I can just imagine how awesome that plant will be with about 10 flower spikes.


----------



## abax (Nov 8, 2015)

Don, the color is much better than on OSF and it is
gorgeous. I'd be keeping that beauty too! I wonder if
division at some future date plus better light might 
produce more blooms.


----------



## Achamore (Nov 8, 2015)

Angela, that could be a possibility...

Must admit my surprise that there is so little excitement about this being shown. It is lovely, and never been seen on the web before. It would seem a shame if we let these very early crosses fade into oblivion..!


----------



## NYEric (Nov 8, 2015)

I agree; but it must not be a great blooming plant. Phrag. Calurum is old (1883) and much much more popular.


----------



## abax (Nov 8, 2015)

What's the name of the website that has a photo of a
species Phrag. and beside it there's all the crosses made
with that species? I can't find it or think of the name and
it's driving me crazier than normal. I think a photo of this
cross belongs on that site.


----------



## Achamore (Nov 9, 2015)

NYEric said:


> I agree; but it must not be a great blooming plant. Phrag. Calurum is old (1883) and much much more popular.

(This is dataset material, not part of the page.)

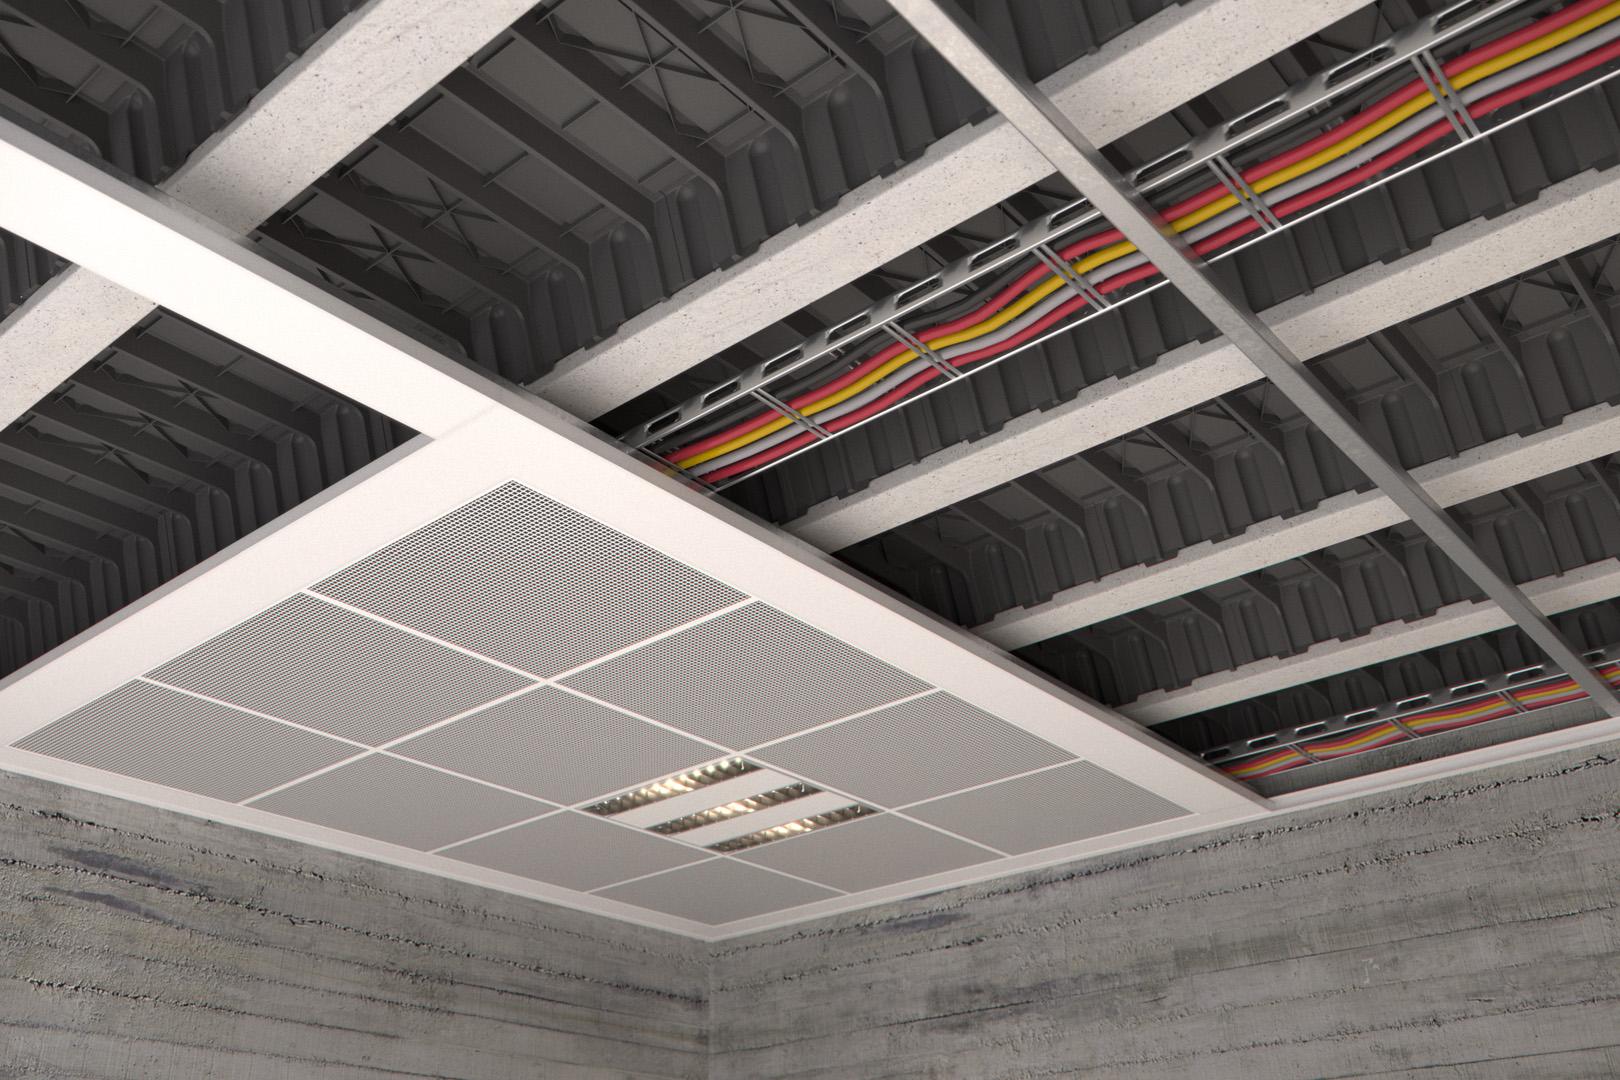 render-3d-rendering-architettonico-edilizia-arredo-urbano-giardino-architettura-fotografico-realistico-01

Ainsworthii is even older (1979). I have both, and prefer Ainsworthii. At least with the Calurum I have, the colour is a bit garish. Ainsworthii has the lovelier, more subtle hues akin to Raymond Faroult. I know that Calurum and Ainsworthii are supposed to be more or less the same, but they aren't to my eye, at least with the specimens I have or have seen. Calurum is brighter, a bit more pink to it.


----------



## Achamore (Nov 9, 2015)

abax said:


> What's the name of the website that has a photo of a
> species Phrag. and beside it there's all the crosses made
> with that species? I can't find it or think of the name and
> it's driving me crazier than normal. I think a photo of this
> cross belongs on that site.



Hi Angela, that website is http://slipperorchids.info


----------



## NYEric (Nov 9, 2015)

Phragweb

BTW, there is a Calurum v. Candidulum that is much nicer. I killed mine.


----------



## Achamore (Nov 9, 2015)

Malcolm Perry told me a bit more about this specimen. I hope to get more details soon, but it seems it was rescued from a very old collection that was being sold off. He said in all his years growing and selling phrags, he has never encountered nor even heard of another specimen of this cross. So there is a challenge: has anyone heard of one of these growing in someone's collection out there somewhere? Surely this cannot be the only survivor of the breeding from decades ago that created it.


----------



## trdyl (Nov 9, 2015)

Achamore said:


> Surely this cannot be the only survivor of the breeding from decades ago that created it.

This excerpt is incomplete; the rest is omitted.